**Action item:** Retype, exactly and completely, the listing that comes next, skipping its images.

**Given information:**

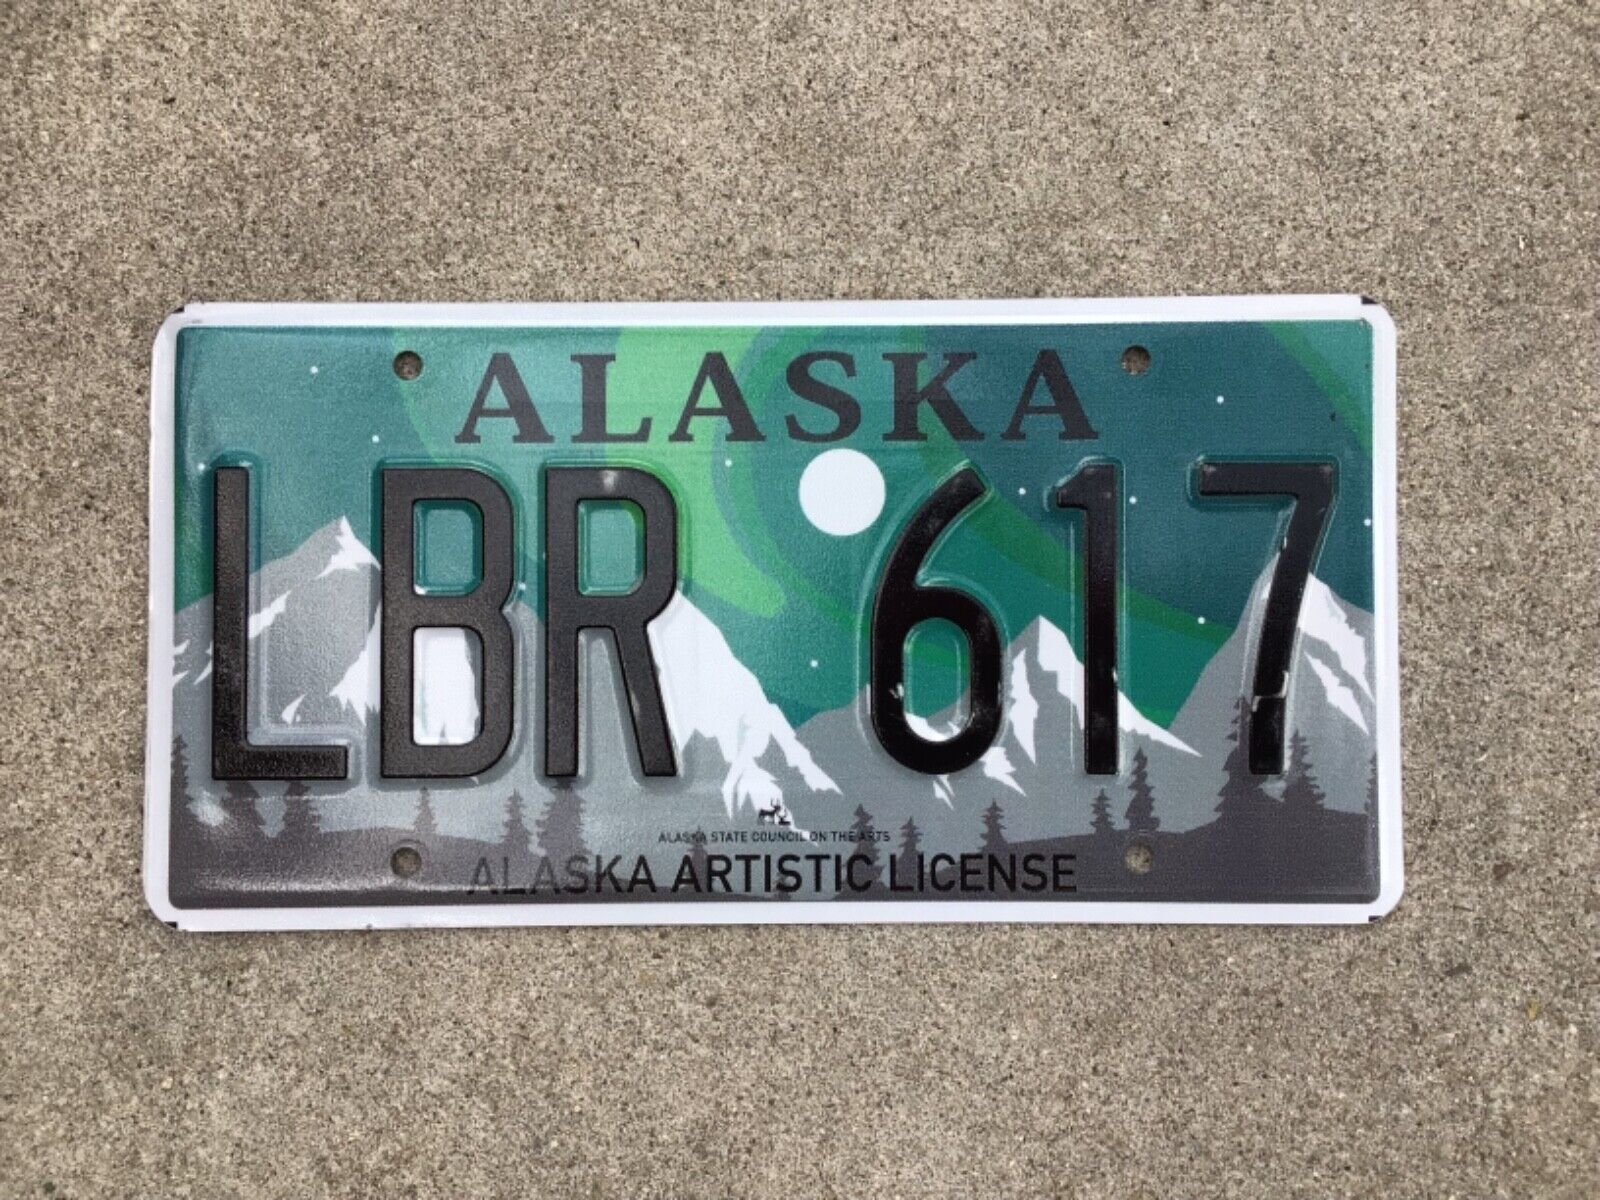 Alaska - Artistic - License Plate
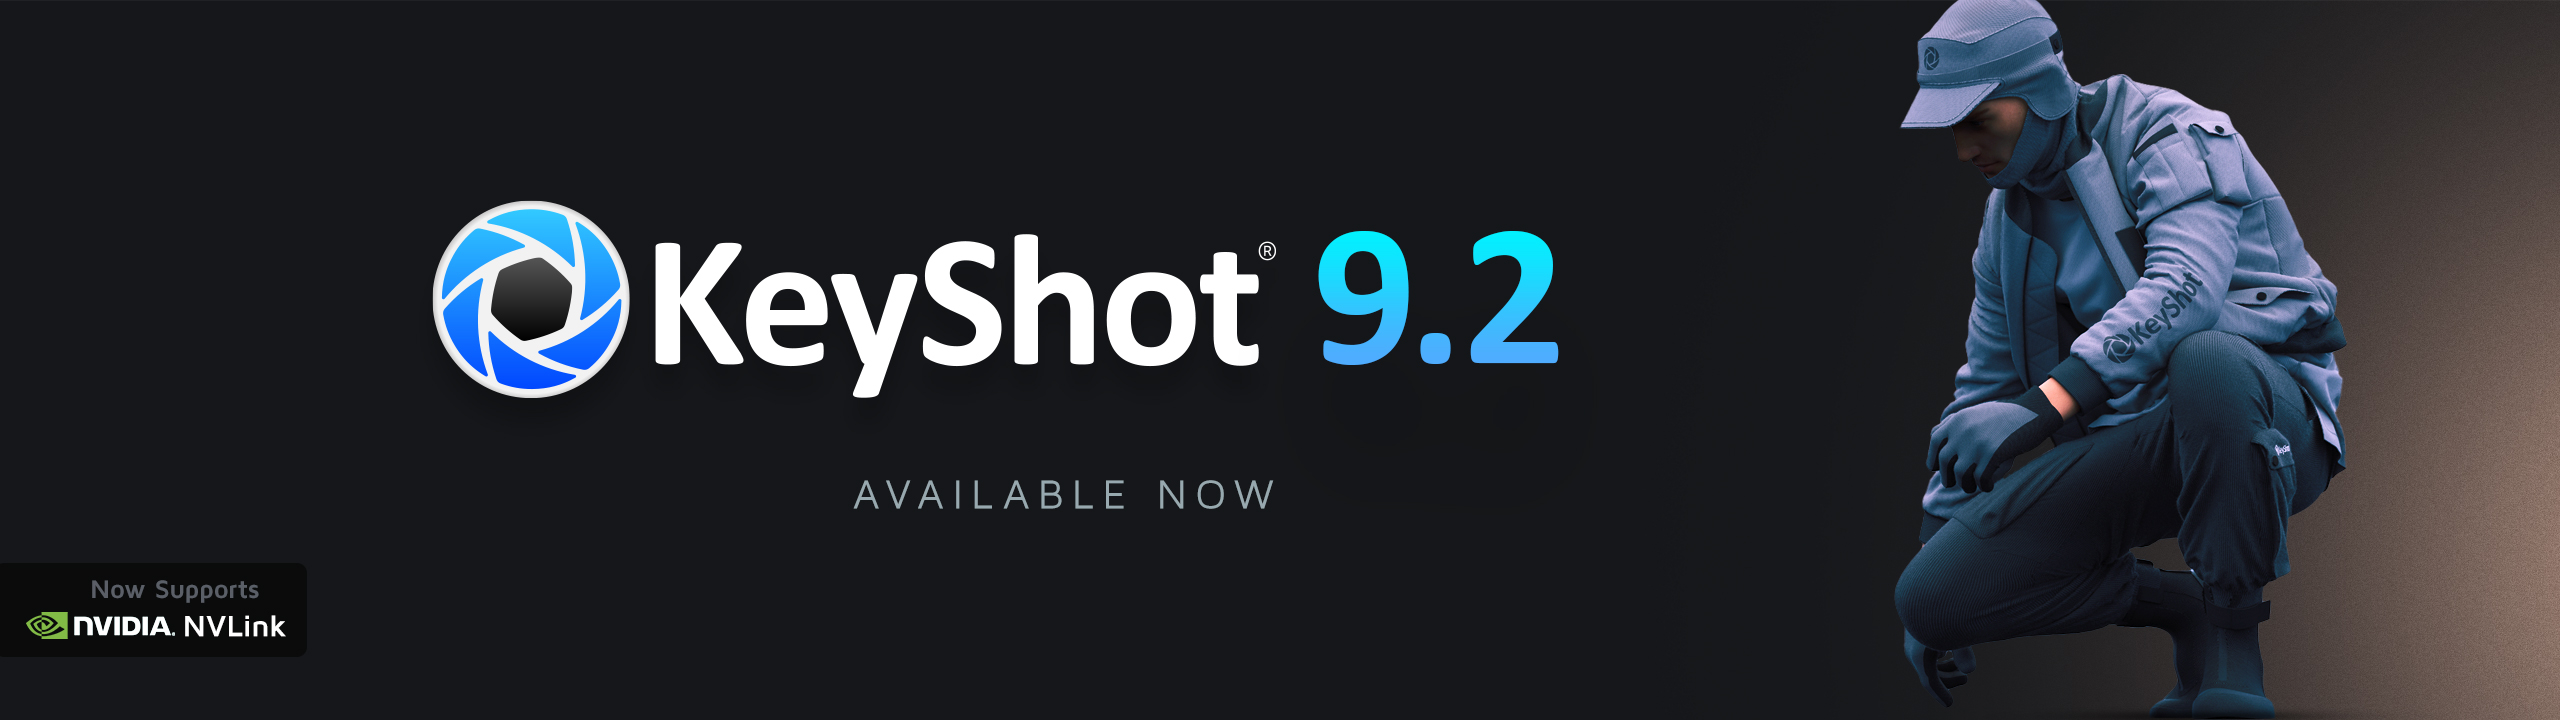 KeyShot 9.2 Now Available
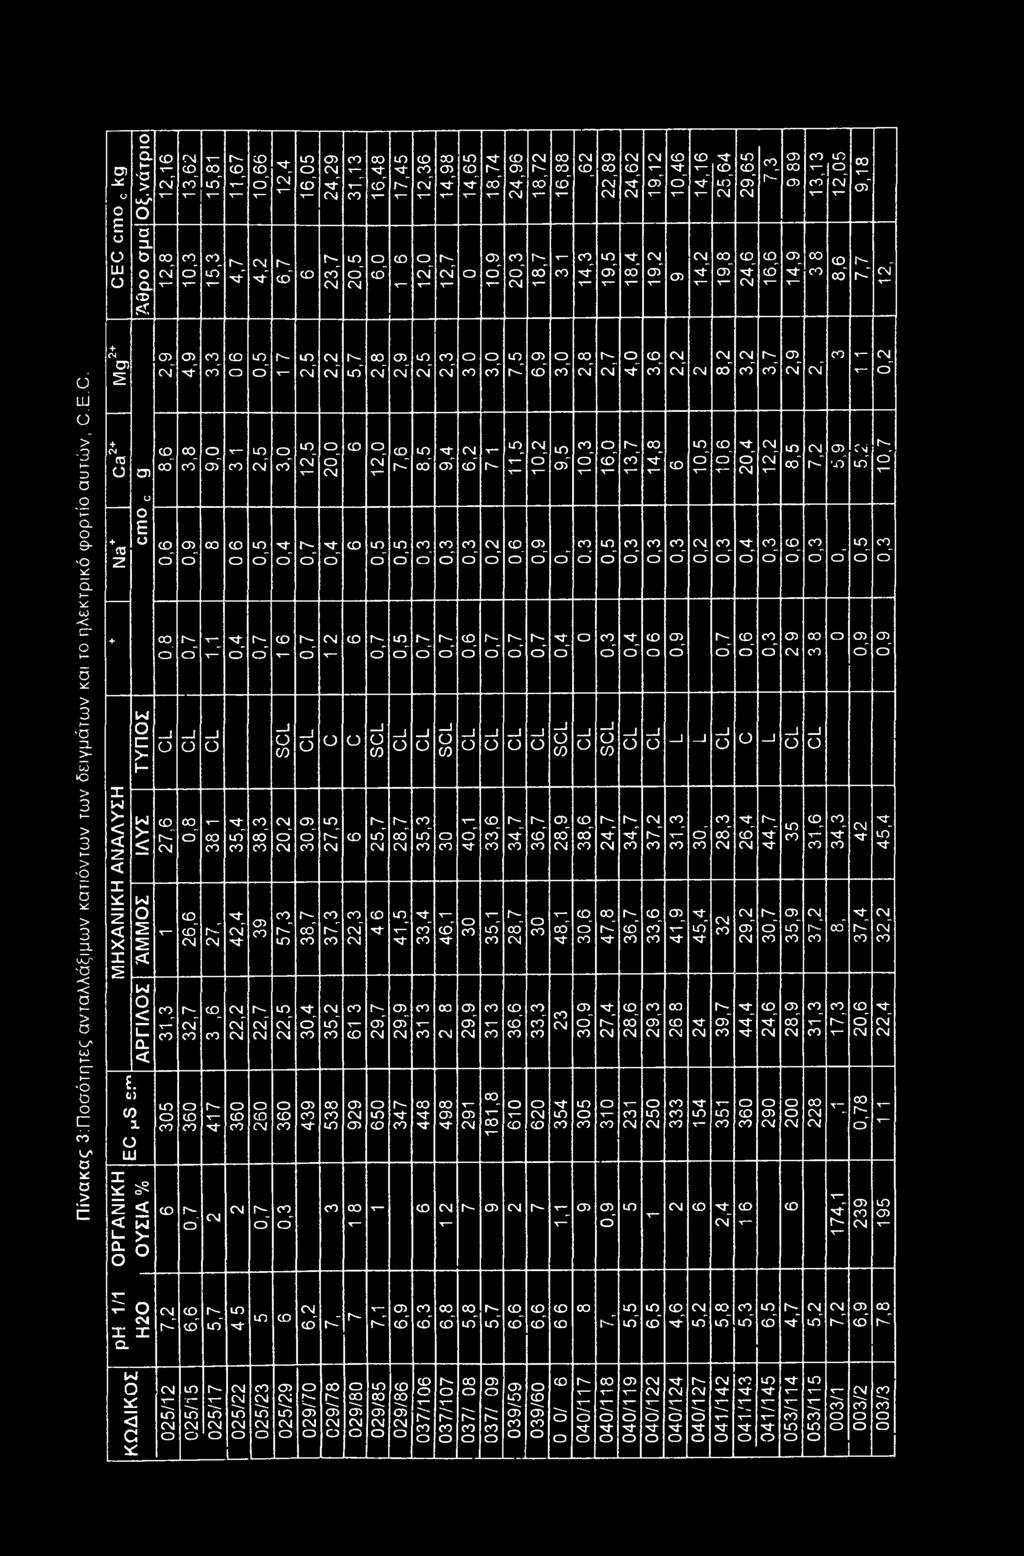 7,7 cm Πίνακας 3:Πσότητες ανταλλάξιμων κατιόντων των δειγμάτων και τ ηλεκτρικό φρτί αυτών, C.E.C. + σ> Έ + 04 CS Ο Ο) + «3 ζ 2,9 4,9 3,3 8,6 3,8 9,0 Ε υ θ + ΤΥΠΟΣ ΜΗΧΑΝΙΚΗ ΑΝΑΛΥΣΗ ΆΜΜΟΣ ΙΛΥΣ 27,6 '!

**Solution to the exercise:**
 Alaska - Artistic - License Plate
 KeyShot 9.2 Now Available
 7,7 cm Πίνακας 3:Πσότητες ανταλλάξιμων κατιόντων των δειγμάτων και τ ηλεκτρικό φρτί αυτών, C.E.C. + σ> Έ + 04 CS Ο Ο) + «3 ζ 2,9 4,9 3,3 8,6 3,8 9,0 Ε υ θ + ΤΥΠΟΣ ΜΗΧΑΝΙΚΗ ΑΝΑΛΥΣΗ ΆΜΜΟΣ ΙΛΥΣ 27,6 '!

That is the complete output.